In “Reuse in Model-to-Model Transformation Languages: Are we there yet?” by Schoenboeck, Kusel, Wimmer, Kappel, Retschitzegger, and Schwinger, the authors provide a systematic and very in-depth survey of the existing transformation languages, in regard to their supporting language mechanisms for the reuse of model transformation. They give a nice taxonomy of the reuse mechanisms in model transformation, combining three dimensions, i.e., scope, specificity, and granularity. Under this taxonomy, they classified 15 mechanisms in total. The main part of this paper is a very detailed description of these mechanisms. For each mechanism, they give the definition, the illustrative examples, the transformation languages supporting this mechanism, and a further comparison of these languages.

In “Constraint-driven Modeling through Transformation,” by Demuth, López, and Egyed, the authors introduce a novel model transformation approach that relies on automatically derived model validation rules to specify the acceptable target models and informs the transformation engineer on the violating model segments. This way the engineer can manually define the required operations to be executed on the target model in order to fulfill all derived validation rules. The idea behind the approach is unique in the sense that it gives a complete tooling for automatically generating the instance level validation rules that are then fed into the ultrafast rule evaluation engine already developed by the authors. There are three impressive large case studies, explaining where transformation rules should be understood as constraints and showing the benefit of using constraints.

In “An Algorithm for Generating Model-Sensitive Search Plans for Pattern Matching on EMF Models,” by Varró, Deckwerth, Wieber, and Schürr, the authors address one of the crucial factors for the successful application of model transformations in practice: the efficiency of pattern matching. In particular, the work describes a model-sensitive plan generation algorithm to speed up graph pattern matching. The algorithm is based on dynamic programming, collects statistical data from the underlying EMF model, and uses the information for the optimization of the search plan.

In “Specification-Driven Model Transformation Testing,” by Guerra, and Soeken, the authors describe an advanced approach to automatic generation of input models and test oracles for model transformation testing. The generation is based on a formal specification of transformation properties (invariants, pre-, and post-conditions) in PaMoMo. After translating the properties in the specification into OCL constraints, input models are generated by composing an OCL expression from the properties the input model should fulfill (according to certain coverage criteria) and then letting a constraint solver compute a valid input model that satisfies the specification OCL constraints, the meta-model integrity constraints, and the given OCL expression. A prototype tool supports editing of PaMoMo specifications and automates the generation of input models and test scripts from them. With three different case studies, it is shown that more exhaustive coverage criteria result in test suites with higher vigilance for less complete specifications.

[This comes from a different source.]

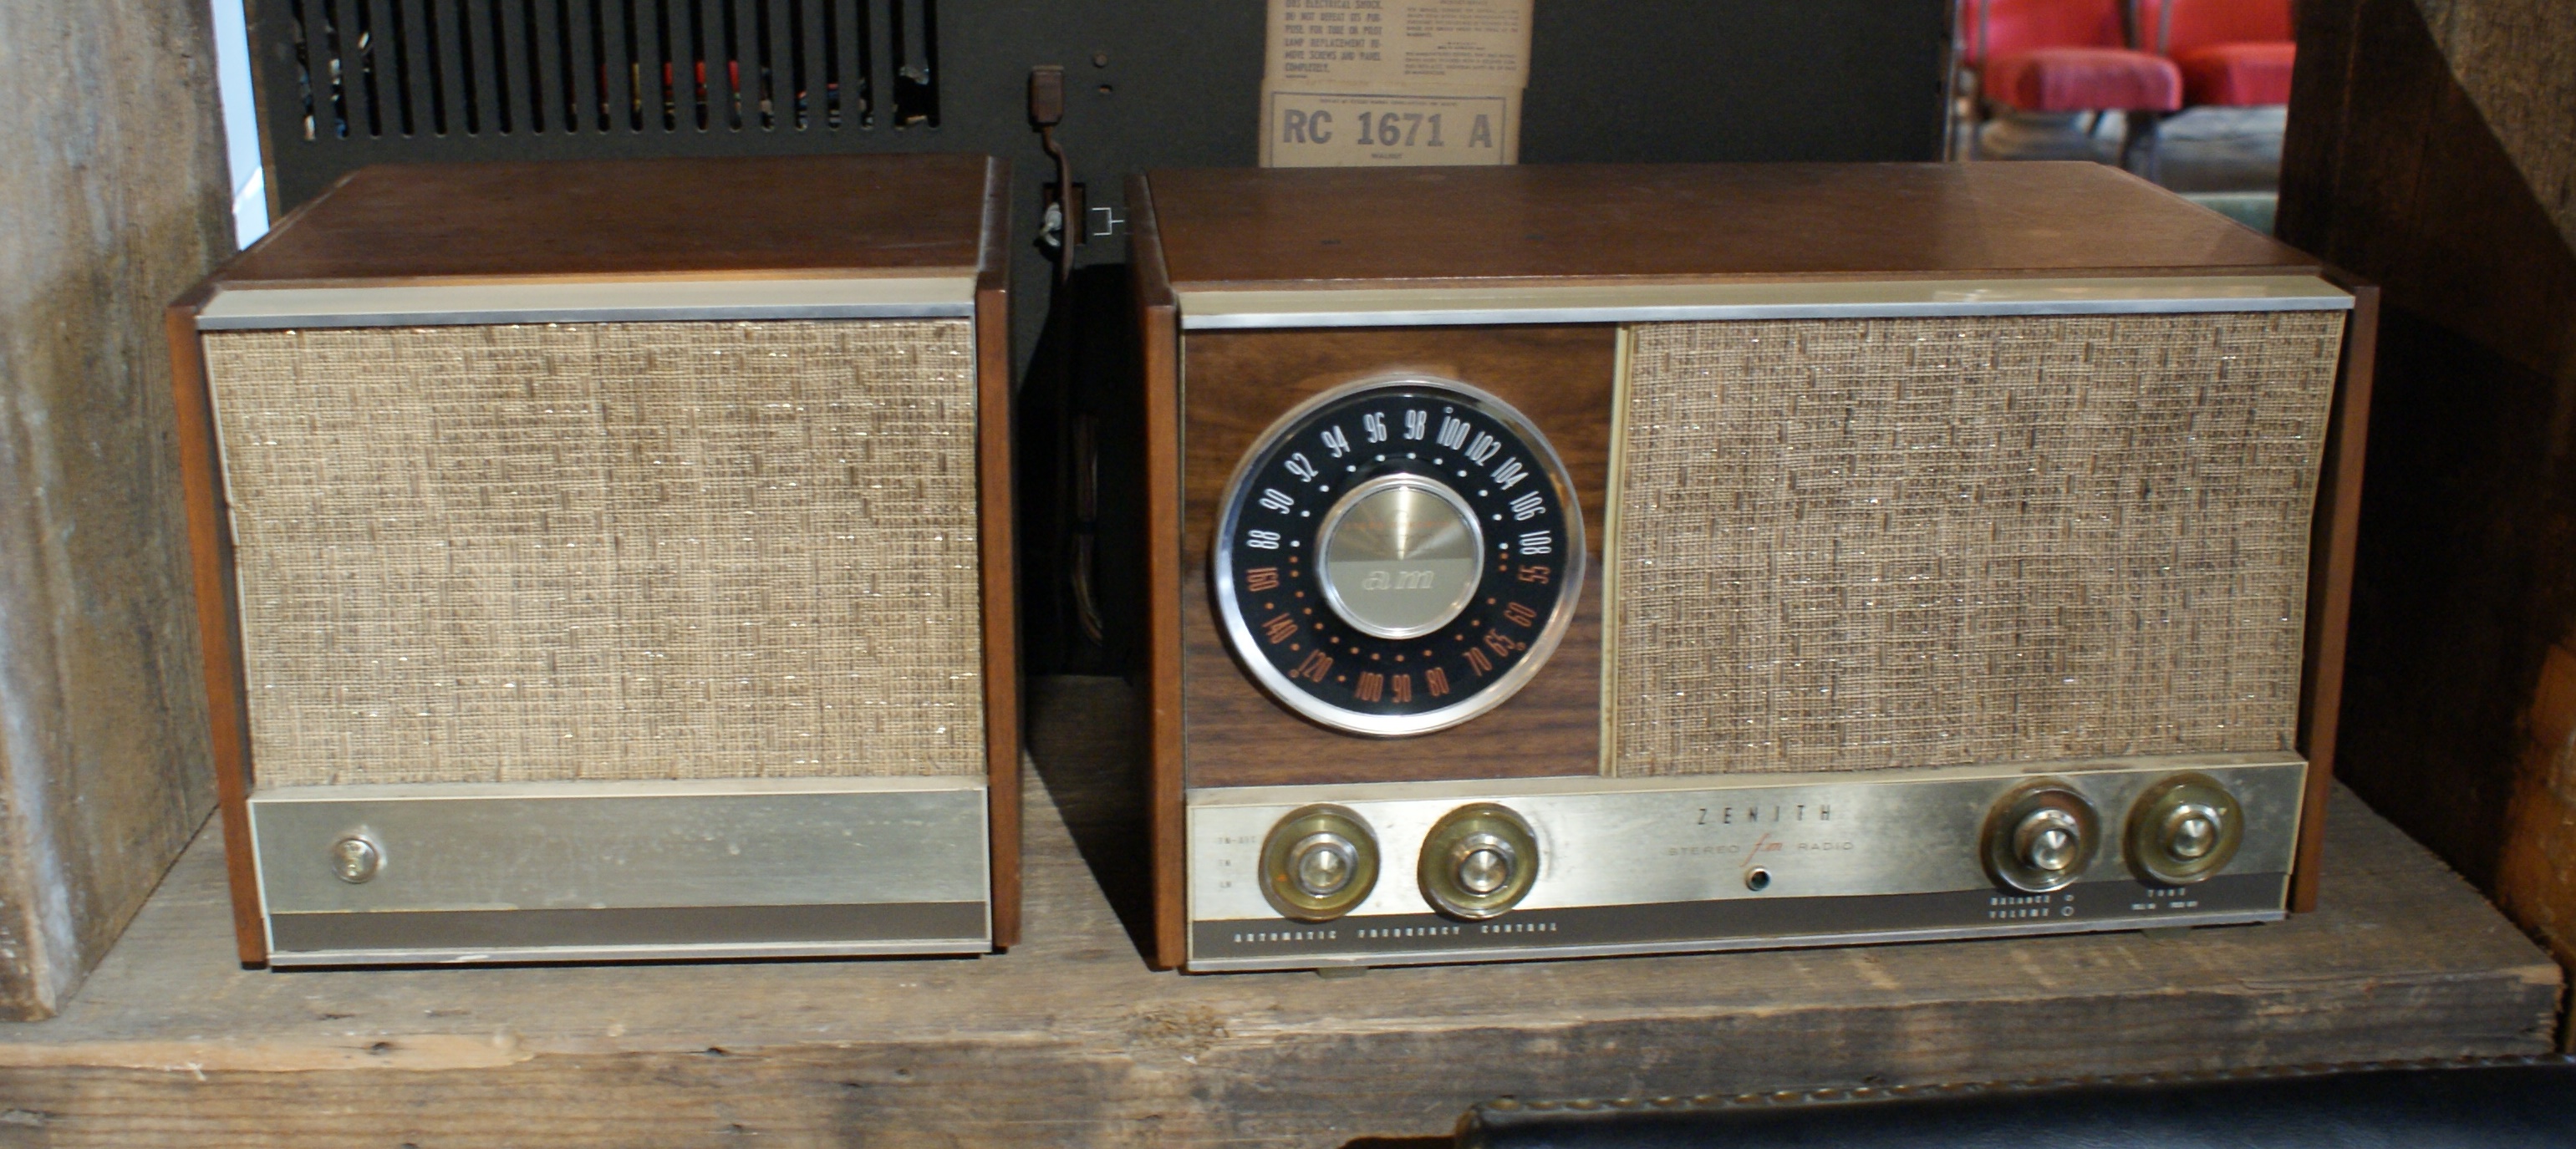 Sale zenith for vintage radios communitymedia.sciencecareers.org
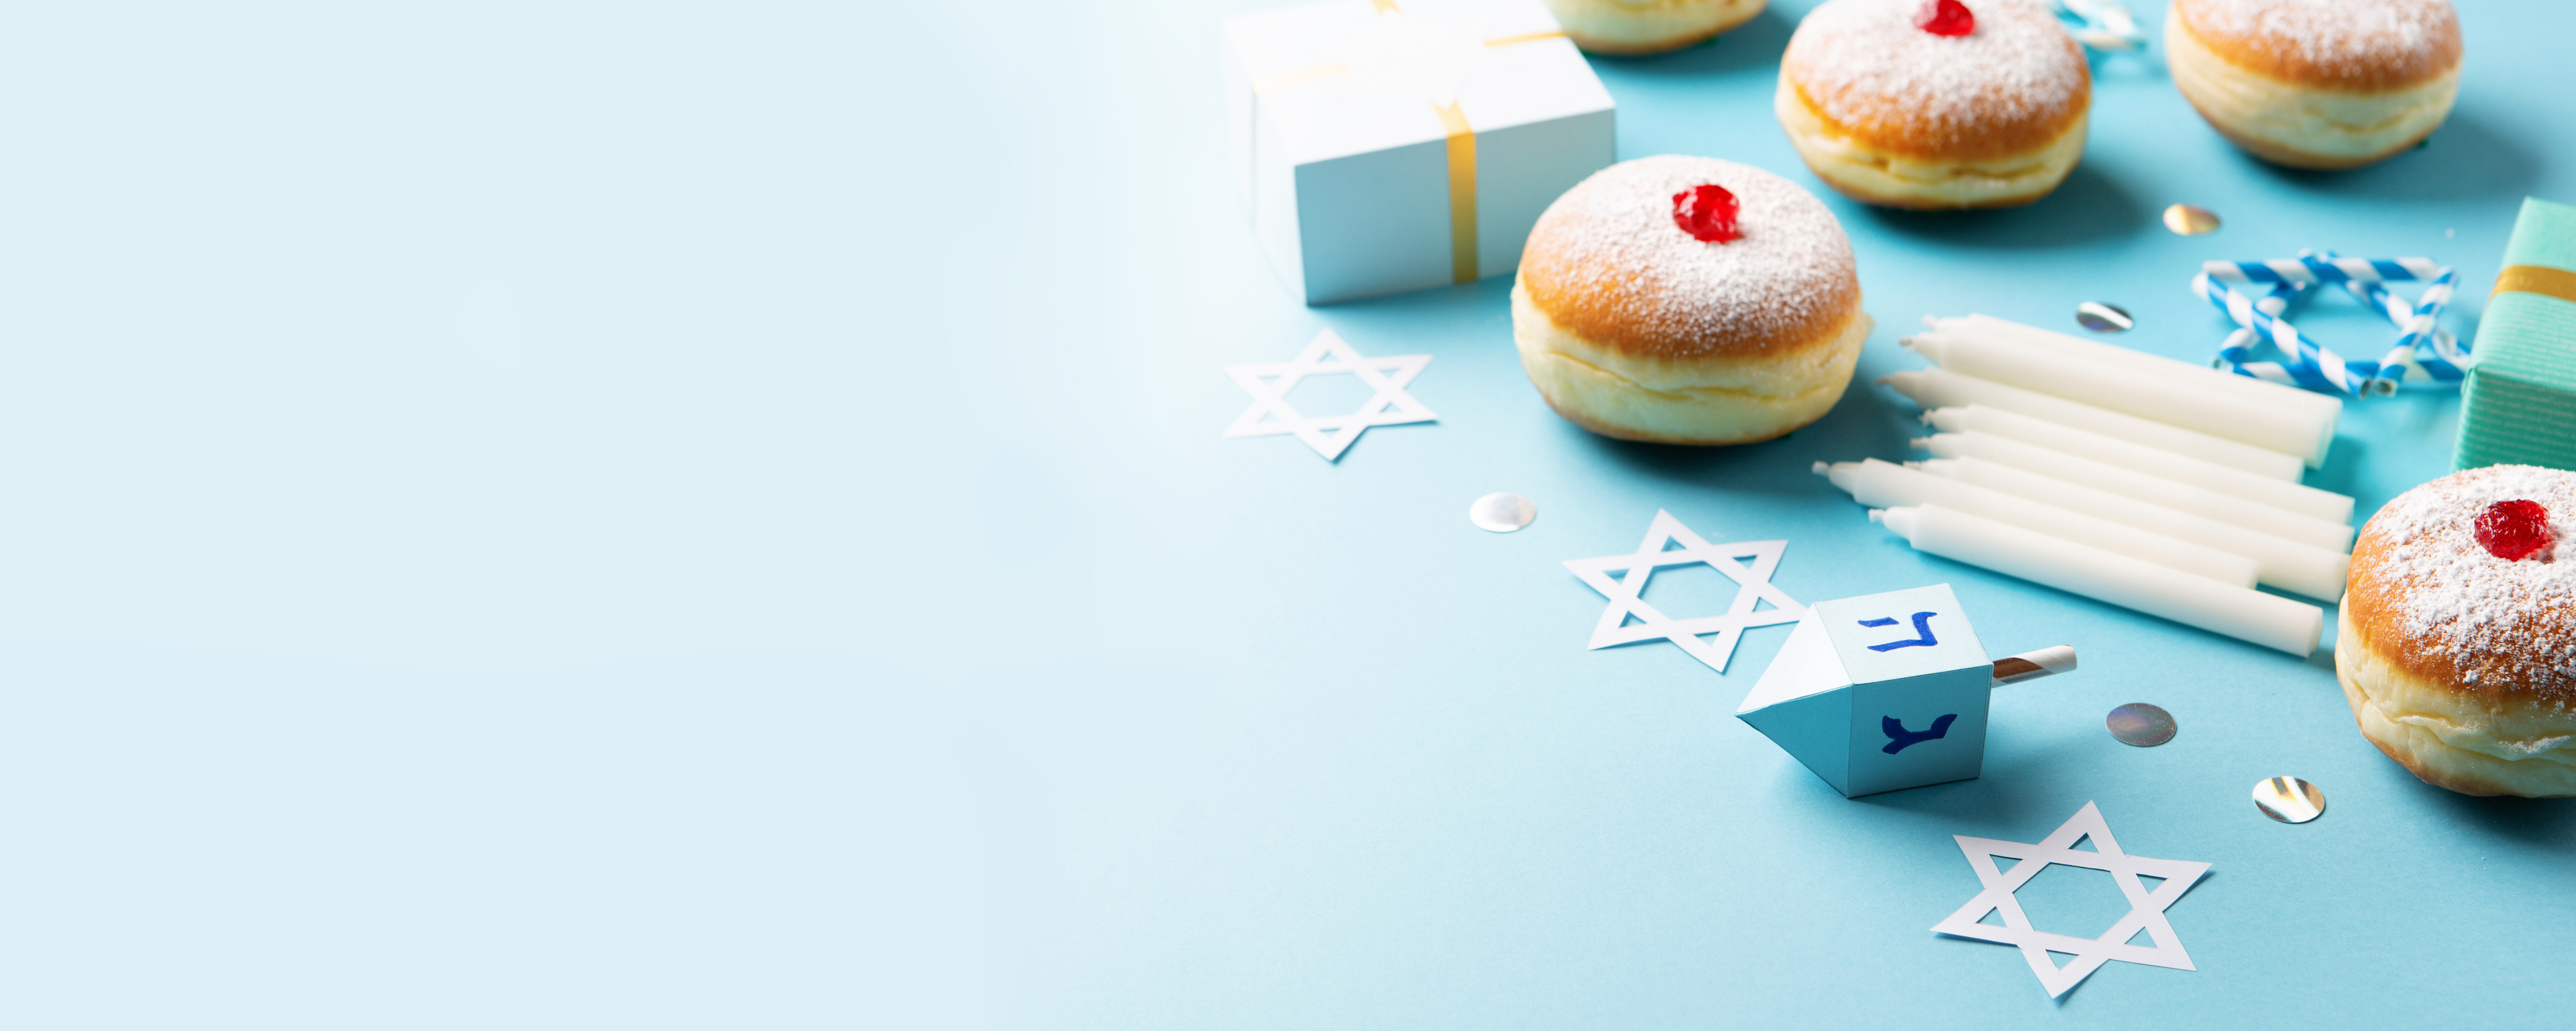 Jewish Holiday Hanukkah Concept - Hanukkah Sweet Doughnut with P

In “Enhancing Classic Transformation Languages to support Multi-Level Modeling,” by Gerbig, Atkinson, and Tunjic, the authors adapt concepts of model transformation to multi-level models. Multi-level modeling is a generalization of the standard two-level meta-modeling setting where engineers are not forced to use one meta-level only, but models can spawn an arbitrary number of them. Multi-level modeling presents several benefits, but poses certain challenges when used together with model manipulation languages. In this paper, the authors address the challenges related to model-to-model transformations in a multi-level setting. In particular, they adapt the ATL transformation language for their work within the MelanEE multi-level modeling tool.